Fab February over for Cavaliers, who face tough March ahead
CLEVELAND — LeBron James rarely gets caught off guard. But time flies when you’re having fun, and the year’s shortest month blew by for James and the Cavaliers.
“It’s over? February is over, huh?” James asked late Monday night. “Yeah, that sucks. It’s been a great month for our team.”
After a jarring January during which the Cavs went 7-8 and James criticized the team’s roster for being “top heavy” and challenged general manager David Griffin to find him some help, Cleveland returned to championship form in February.
The Cavs went 9-2, and with an offense that now includes sharpshooter Kyle Korver and will soon add three-time All-Star guard Deron Williams to strengthen the second unit, they averaged a franchise-record 117.4 points per game.
“We just played good basketball,” said James, who scored 24 in Monday’s win over Milwaukee after missing one game with strep throat. “We got back to Cavalier basketball and to our DNA.”
Their genetic makeup has changed since the start of the season, and the Cavs may not be done mutating.
On Monday, Griffin completed his latest coup by signing Williams, who was waived by Dallas and came to Cleveland to chase a championship at the urging of Korver, his close friend and former Utah teammate.
And now that Williams (the team’s second “D-Will” after forward Derrick Williams signed a second 10-day contract) is on board, he’s trying to recruit center Andrew Bogut.
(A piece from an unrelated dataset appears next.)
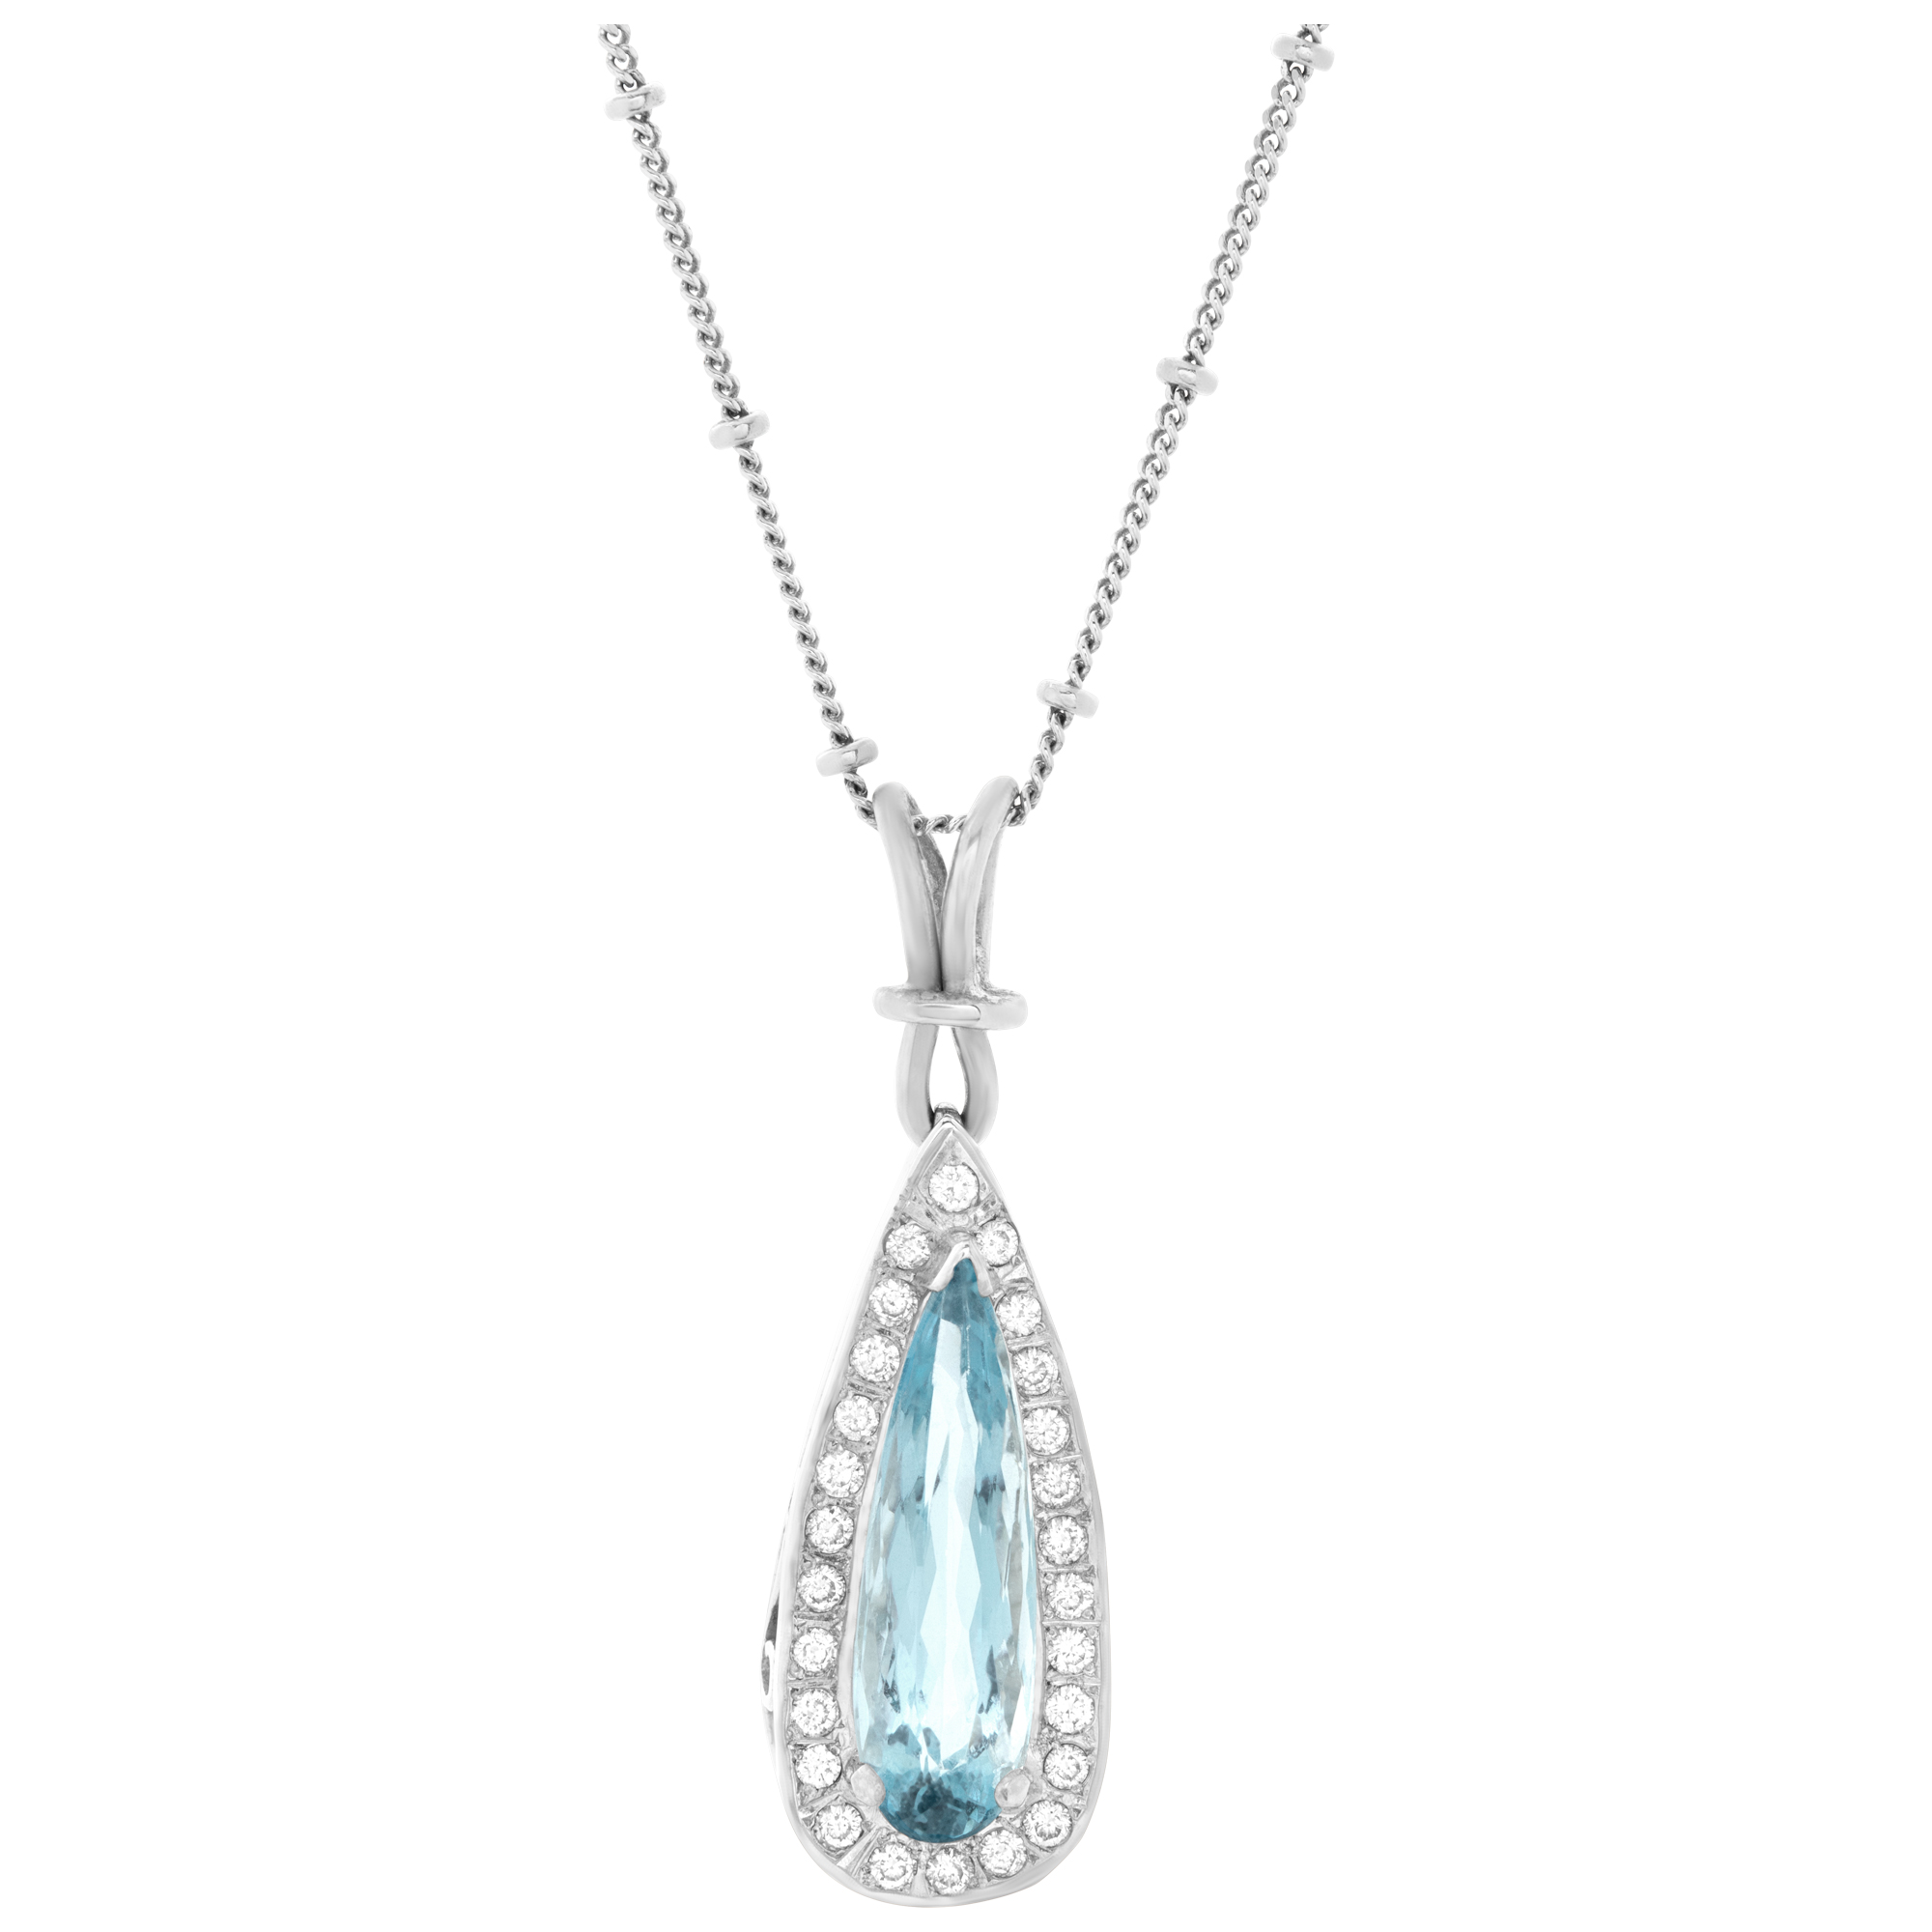 Brilliant cut pear shape blue topaz & diamonds pendant with 14k white gold chain. image 1

The two played together with the Mavericks, and Bogut is now on Cleveland’s roster radar after being waived by Philadelphia.
“We’ve been in contact,” Williams said with a smile.
Bogut and his representatives have contacted several teams, and the Australian, who spent the past four seasons with Golden State and has been slowed by a knee injury, is expected to make a decision by Wednesday.
Getting the 7-foot Bogut isn’t essential, but the Cavs could use another big man while Kevin Love recovers from knee surgery and in the playoffs, when the tempo usually slows and games are often decided in the half-court.
Deron Williams appears to be a superb fit for the Cavs, whose biggest flaw has been a reliable backup point guard. The established veteran, who received a huge ovation when introduced to the fans on Monday, solves that and coach Tyronn Lue is eager to plug him in.
“We know he’s a great pick-and-roll player, so I can’t wait to get him acclimated to what we’re doing,” Lue said. “I’m very excited. He’s excited. Any time you’re a very good player and you get a chance to get a new start on a great team, it’s something you look forward to.”
Over the past month, Cleveland’s offense has opened, becoming the Eastern equivalent to Golden State’s splash show out West.
While Cleveland couldn’t match what the Warriors did in signing superstar Kevin Durant with one move, Griffin has adeptly positioned the Cavs to defend their crown by trading for Korver, one of the league’s best career 3-point shooters, and signing the two Williamses without giving up much. The champs have a deeper bench than they did a year ago, and the changes have more than satisfied James, who is aiming for his seventh straight visit to the NBA Finals.
And perhaps a third straight matchup with Golden State.